- Theatrical release poster
- Directed by: Howard Zieff
- Written by: Jon Connolly David Loucka
- Produced by: Christopher W. Knight
- Starring: Michael Keaton; Christopher Lloyd; Peter Boyle; Stephen Furst; Lorraine Bracco;
- Cinematography: Adam Holender
- Edited by: Carroll Timothy O'Meara
- Music by: David McHugh
- Production company: Imagine Entertainment
- Distributed by: Universal Pictures
- Release date: April 7, 1989;
- Running time: 113 minutes
- Country: United States
- Language: English
- Budget: $14 million
- Box office: $28,890,240 (USA)

= The Dream Team (1989 film) =

1989 film by Howard Zieff

The Dream Team is a 1989 American comedy drama film directed by Howard Zieff and produced by Christopher W. Knight for Imagine Entertainment and Universal Pictures. It stars Michael Keaton, Christopher Lloyd, Peter Boyle and Stephen Furst as mental-hospital inpatients who are left unsupervised in New York City during a field trip gone awry. Jon Connolly and David Loucka wrote the screenplay.

==Plot==
Dr. Jeff Weitzman is a psychiatrist working in a sanitarium in New Jersey. His primary patients are Billy, Henry, Jack and Albert. Billy has the most mental capacity of the group and is their de facto leader, though he is a pathological liar with violent tendencies. Henry has OCD and has deluded himself into thinking he is one of the doctors at the hospital, often walking around with a clipboard, lab coat and stethoscope. Jack is a former advertising executive who believes he is Jesus Christ. Finally, Albert is a man-child who can only communicate using baseball terminology, particularly from former ball player and commentator Phil Rizzuto.

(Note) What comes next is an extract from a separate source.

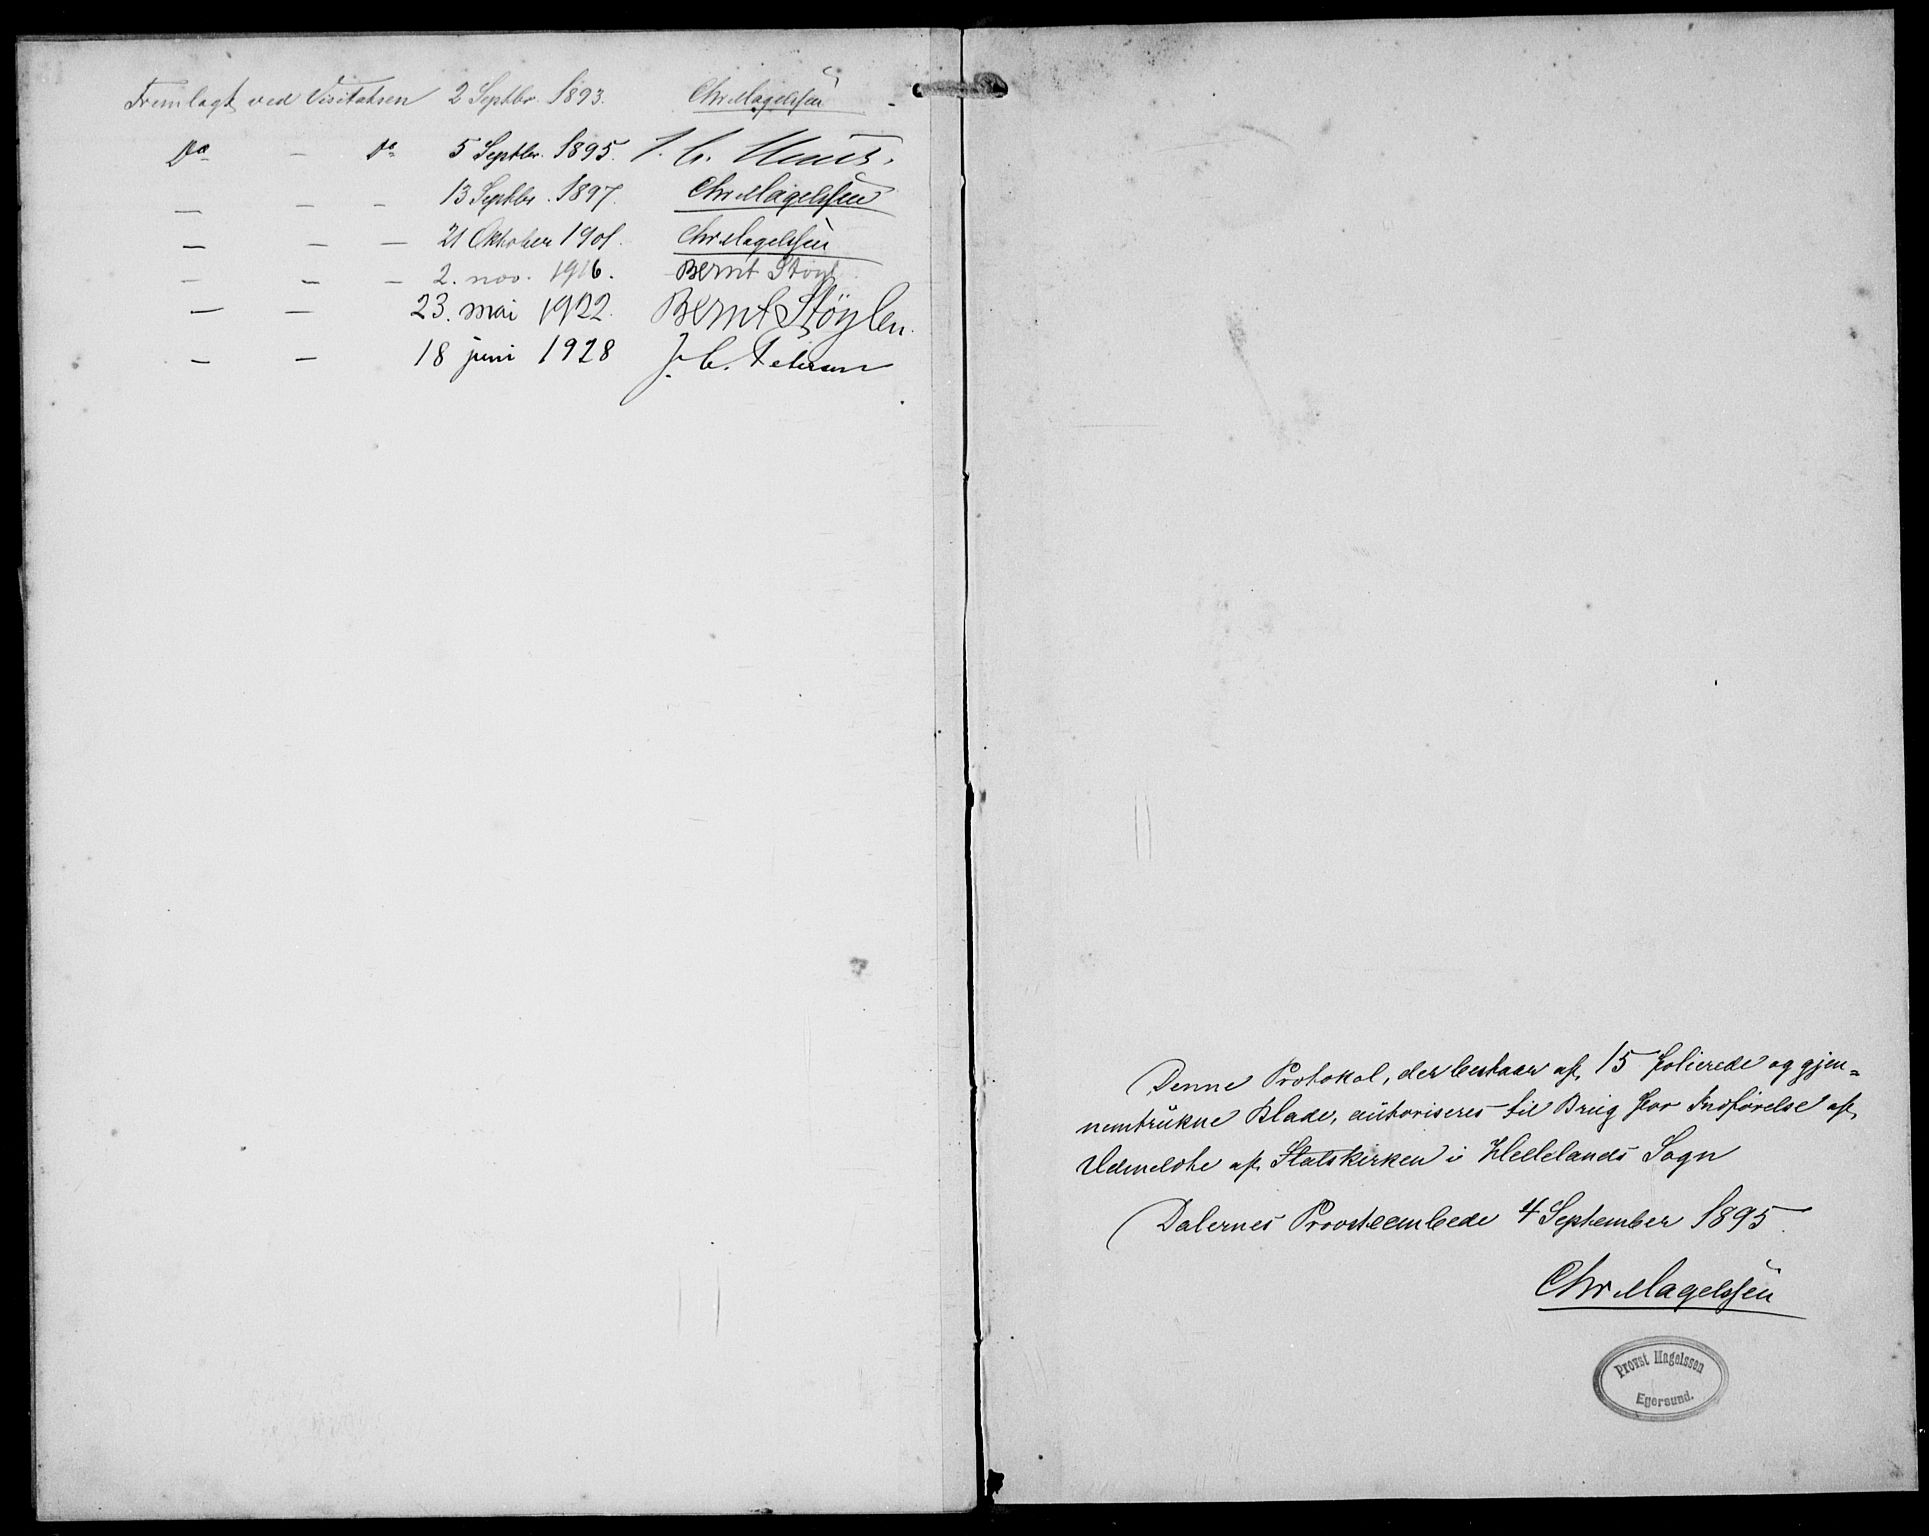 SAST, Helleland sokneprestkontor, Ministerialbok nr. A 10, 1892-1929, s. 12

Convinced that his patients need a change of scenery, Dr. Weitzman persuades the administration to allow him to take them to a baseball game at Yankee Stadium. Unfortunately, he accidentally encounters two corrupt cops just as they murder another officer. The doctor then gets knocked unconscious trying to get away and is put in the hospital. The group is now stranded in New York City, forced to cope with a place which is often more bizarre than their sanitarium.

After Dr. Weitzman's beating and coma, it is up to the patients to save their doctor from being murdered by the cops. They end up having to both use and overcome their delusions and disorders in order to save the only man who ever tried to help them, with both the police and the killers looking for them. Three revisit scenes from their pasts: Billy (former girlfriend Riley), Henry (his wife and daughter), and Jack (his former employer). As each patient does so individually, they each behave in a competent, rational manner, Henry genuinely missing his family, Billy wishing to pursue a more serious relationship, and Jack appealing to his boss that he and his friends are in trouble (but the boss reports Jack to the police).

Ultimately, the patients succeed in turning in the criminals. Their doctor makes a recovery and the patients again attempt a trip to the ballpark, this time with no supervision.

==Reception==
The movie had a mixed reception, with Vincent Canby stating that "there's nothing dreadfully wrong with The Dream Team, Howard Zieff's new comedy, except that it's not funny too much of the time. On those occasions when it is funny, the humor less often prompts laughter than mute appreciation of the talents of the principal performers - Michael Keaton, Christopher Lloyd and Peter Boyle." Michael Wilmington noted that "[the film] is so clearly derived from the movie "One Flew Over the Cuckoo's Nest" that you might begin to wonder when Jack Nicholson will show up. [...which] may suggest that "Dream Team" is a weak, derivative, somehow disreputable movie, which is somewhat true. If you compare it to its obvious source, it has a coy, flip attitude toward illness, skating over the surface of tragedy, dementia and pain without breaking the ice. The union of four oddballs—rebel-writer, obsessive noodge, religious fanatic and couch potato—is almost too schematic, as if the writers were somehow trying to define '80s dissidence. But even though you can predict virtually everything that happens from the first five minutes on, the director and actors manage to hook you in." It currently holds a 50% rating on Rotten Tomatoes from 16 reviews.

===Box office===
The Dream Team debuted at No. 2 at the American box office, where it made $5.7 million at 1,316 theaters, averaging US$4,335 per screen. It opened only one number shy of a competing Paramount film, Major League. It went down from that position in subsequent weeks.

==See also==
Asadhyulu & Krazzy 4 - Unofficial Telugu & Hindi language remakes respectively with the same story.